In [1]:
from pyspark.sql.types import ( ArrayType ,
                                BinaryType ,
                                BooleanType ,
                                ByteType ,
                                DataType ,
                                DateType ,
                                DecimalType ,
                                DoubleType ,
                                FloatType ,
                                IntegerType ,
                                LongType ,
                                MapType ,
                                NullType ,
                                ShortType ,
                                StringType ,
                                StructField ,
                                StructType ,
                                TimestampType)

# DataTypes (Python)
- [PySpark Documentation: DataTypes](https://spark.apache.org/docs/latest/api/python/reference/pyspark.sql.html#data-types)

### Schema
- Can define `programmatically` or using `DDL`

In [2]:
# can define programmatically
# In Python
schema = StructType([StructField("author", StringType(), False),
  StructField("title", StringType(), False),
  StructField("pages", IntegerType(), False)])

In [3]:
# using DDL: 

# In Python
schema = "author STRING, title STRING, pages INT"

In [4]:
# In Python 
from pyspark.sql import SparkSession

# Define schema for our data using DDL 
schema = """`Id` INT, `First` STRING, `Last` STRING, `Url` STRING, `Published` STRING, `Hits` INT, `Campaigns` ARRAY<STRING>"""

# Create our static data
data = [[1, "Jules", "Damji", "https://tinyurl.1", "1/4/2016", 4535, ["twitter", "LinkedIn"]],
       [2, "Brooke","Wenig", "https://tinyurl.2", "5/5/2018", 8908, ["twitter", "LinkedIn"]],
       [3, "Denny", "Lee", "https://tinyurl.3", "6/7/2019", 7659, ["web", "twitter", "FB", "LinkedIn"]],
       [4, "Tathagata", "Das", "https://tinyurl.4", "5/12/2018", 10568, ["twitter", "FB"]],
       [5, "Matei","Zaharia", "https://tinyurl.5", "5/14/2014", 40578, ["web", "twitter", "FB", "LinkedIn"]],
       [6, "Reynold", "Xin", "https://tinyurl.6", "3/2/2015", 25568, ["twitter", "LinkedIn"]]
      ]


In [5]:
schema

'`Id` INT, `First` STRING, `Last` STRING, `Url` STRING, `Published` STRING, `Hits` INT, `Campaigns` ARRAY<STRING>'

In [6]:
spark = (SparkSession.builder.appName("Example-3_6").getOrCreate())

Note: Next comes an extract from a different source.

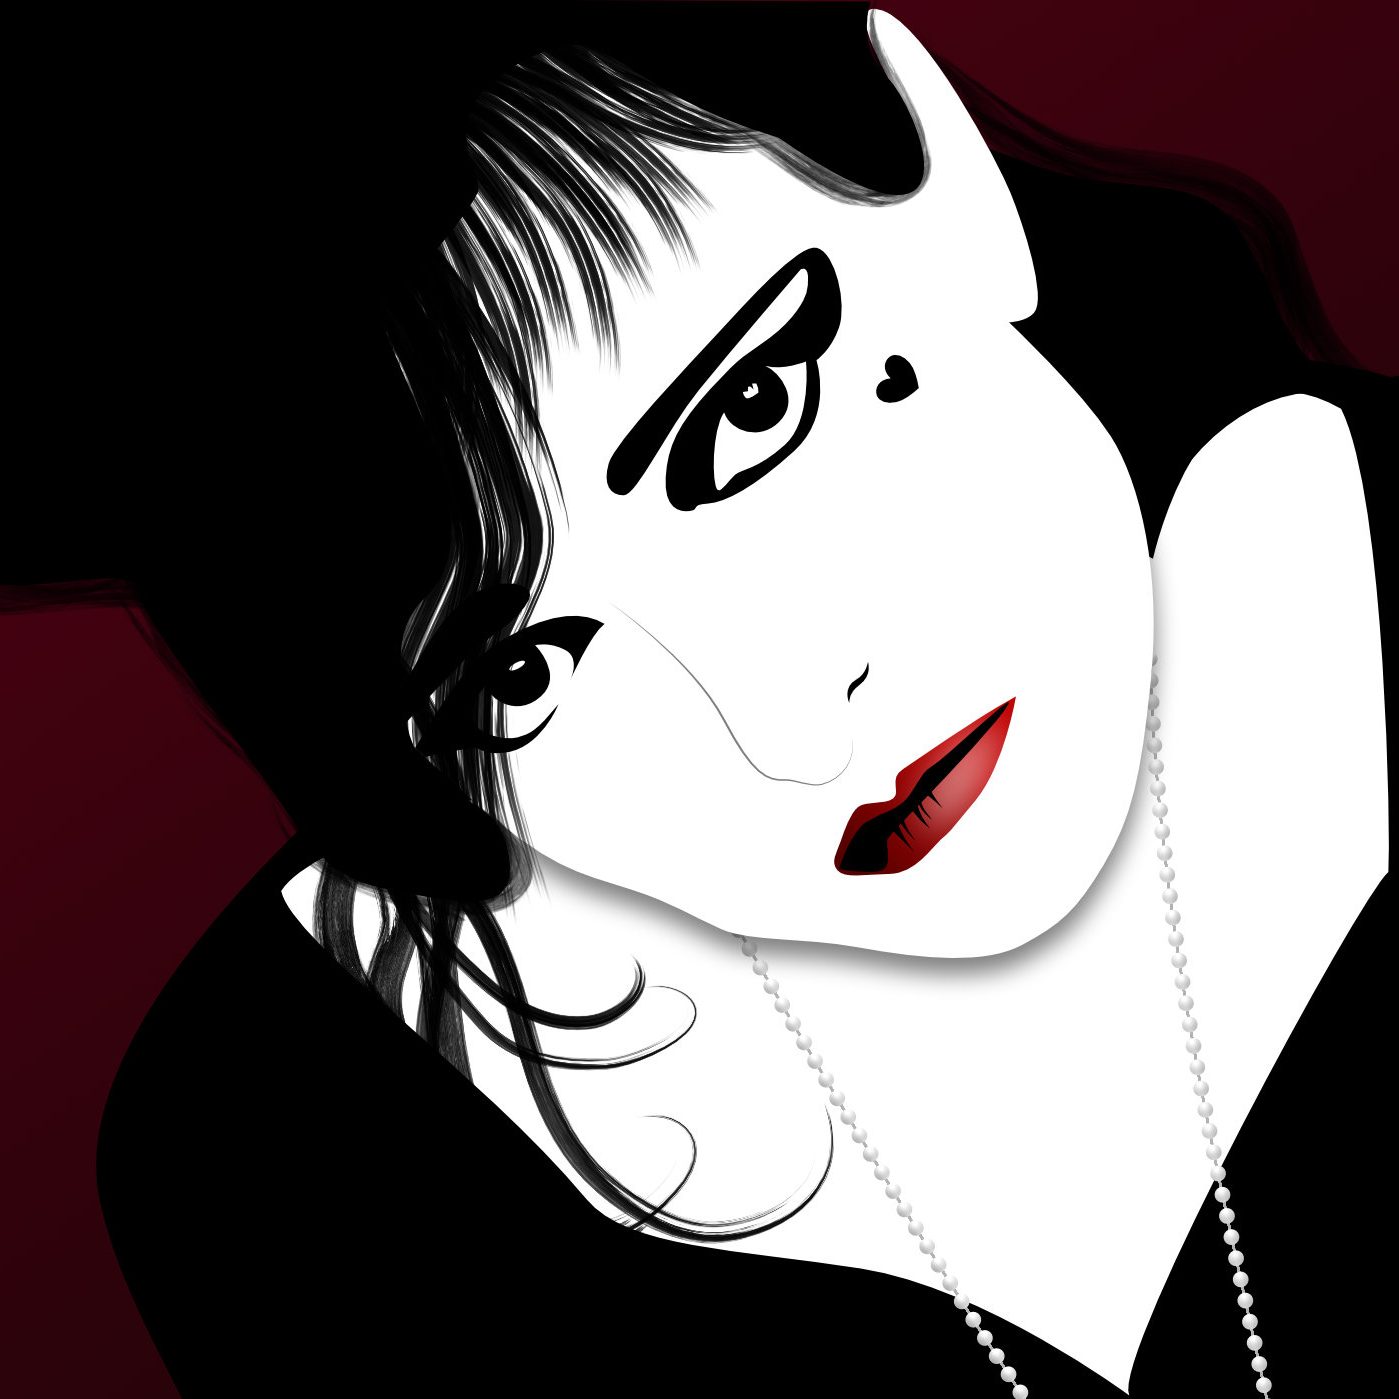 Siouxsie!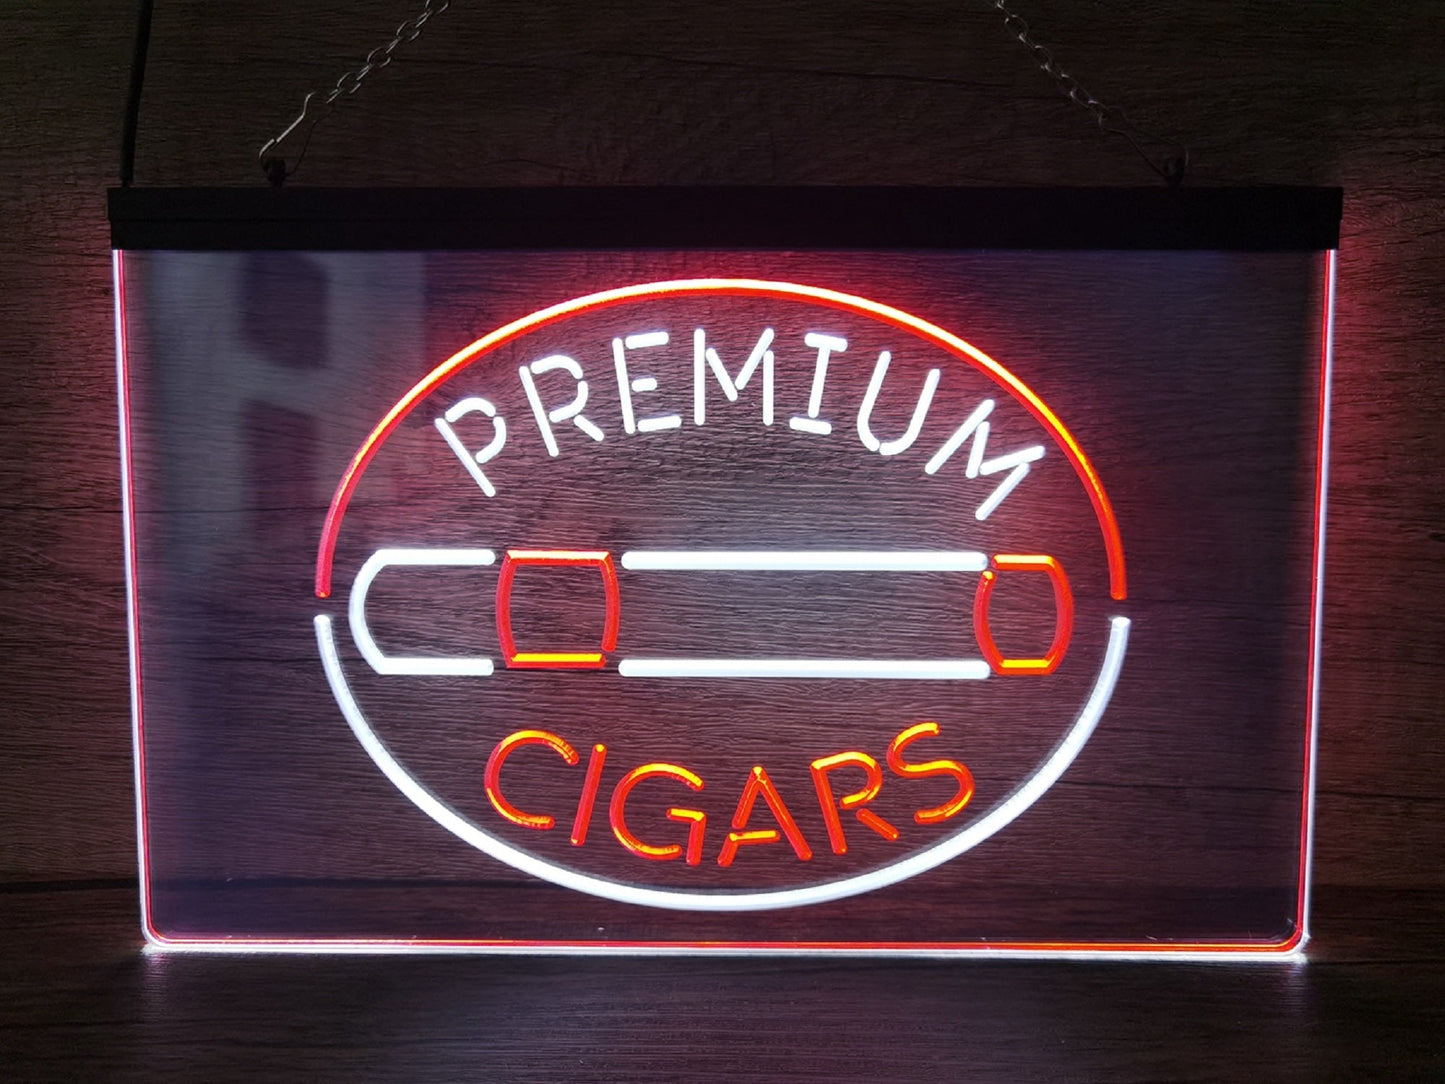 Neon Sign Dual Color Premium Cigars Wall Desktop Cigar Lounge Decor

# Create a DataFrame using the schema defined above
blogs_df = spark.createDataFrame(data, schema)
# Show the DataFrame; it should reflect our table above
blogs_df.show()
# Print the schema used by Spark to process the DataFrame
print(blogs_df.printSchema())

22/11/25 15:15:00 WARN Utils: Your hostname, Pauls-MacBook-Pro.local resolves to a loopback address: 127.0.0.1; using 192.168.4.90 instead (on interface en0)
22/11/25 15:15:00 WARN Utils: Set SPARK_LOCAL_IP if you need to bind to another address


Setting default log level to "WARN".
To adjust logging level use sc.setLogLevel(newLevel). For SparkR, use setLogLevel(newLevel).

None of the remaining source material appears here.